Unsurprisingly, Sarson recommends malt and spirit vinegars, claiming that "the delicate flavour of wine vinegar is quite lost on pickles".

This is the opposite of modern tastes. Today's palates prefer soft-flavoured vinegars, with regular picklers such as Becky Heaton Cooper at Mathilde's café preferring white wine, basic white or an apple cider vinegar.

In Sarson's opinion, most fruits and vegetables can be pickled, or fish and meats potted, including sprats, smelt or "old partridges, pigeons or rabbits". Some recommendations are quaint, others recall the last days of Empire, and a few would appeal to hipster tastes.

Sarson would have us prepare a no-nonsense marrow and onion pickle, or bizarrely, a concoction from tinned peaches. He shares spice-laden recipes from the East India Company, ideas for Chow-Chow, known then as Chinese piccalilli, and suggestions for blackberry, grape and horseradish ketchups.

I followed his recipe for beetroot, allspice and raisin chutney, choking on the fumes of malt vinegar. Despite Sarson's caveat that it would be sweet, a beetroot earthiness was dominant and it had to be served with extra sugar.

Home Pickling by Henry Sarson, with a foreword by the Right Hon Lord Woolton. Decorations by Renn. Published by C Arthur Pearson, July 1940. Revised June 1942.

Wellbeing in the garden

At the Torridon in Wester Ross, managing director and joint owner Dan Rose-Bristow is maintaining a downscaled version of the kitchen gardens.
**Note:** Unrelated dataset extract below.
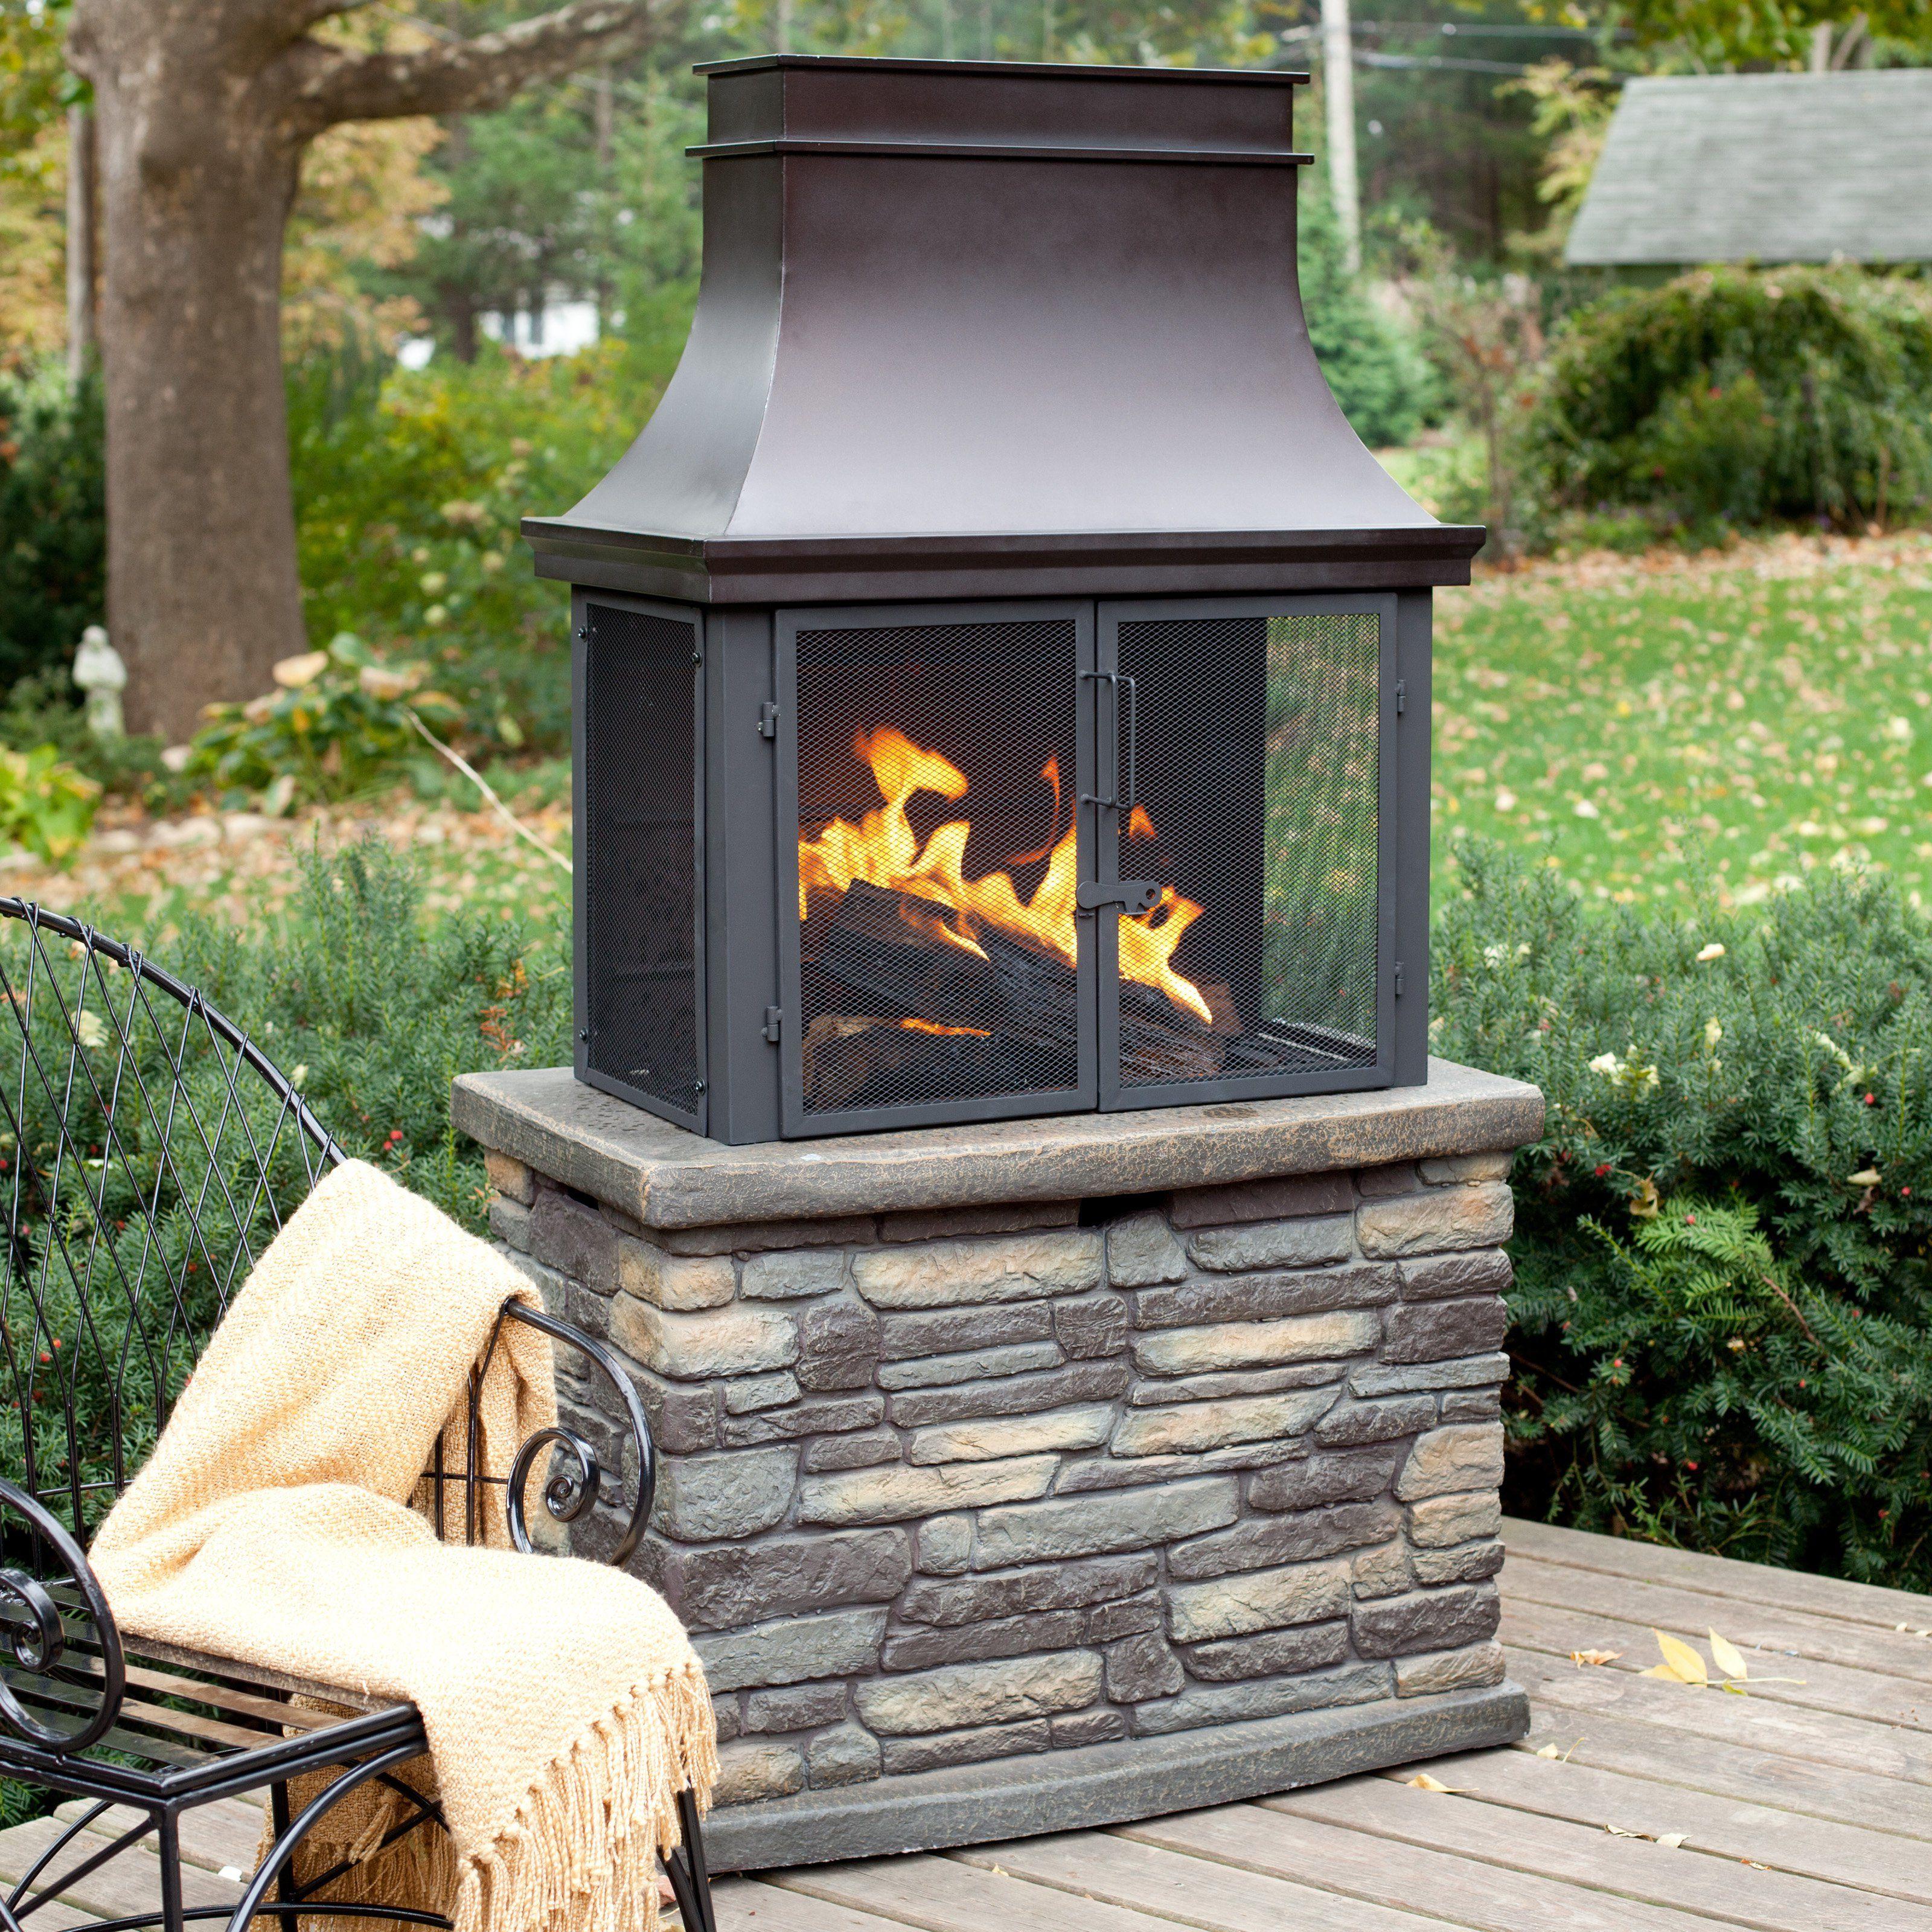 High Quality Bond Wood Burning Outdoor Fireplace   $ @hayneedle

His gardener Tom Stephenson lives at the 58-acre Scottish resort, and he will be helped by head chef Paul Green as well as some of the team who are unable to return to their families abroad.

"In this time of uncertainty, pain and fear, we have 22 people, 15 of whom cannot return to their home countries in mainland Europe, and so are staying on with us while they move onto furlough," he says. "I have offered them board and meals, and I also need to consider their health, wellbeing and physical exercise," he says.

Tom Stephenson
Tom Stephenson

"They are free to pass their time as they wish – some are using online language learning, for example – but others have asked if they can help in the garden," he explains.

"This is not about economic gain for us, but an offer to them from a therapeutic and health perspective, so that we have a fit and occupied community. I very much take responsibility for them while they are here."

An extra staff garden is being created in a separate allotment area for anyone from the resident community who wishes to learn more about growing, and potato planting has been increased to boost the Torridon's self-sufficiency.

While sensitive to the ongoing crisis, Stephenson and Green are maintaining morale. Stephenson shares gardening tips with the public on the hotel blog, and head chef Green also invites the team to forage with him in the grounds.

He is upbeat about sharing knowledge and skills: "People who may not usually get the chance to experience the garden now have the opportunity to do so. We are turning this negative into a positive one by literally sowing the seeds for the future," he says.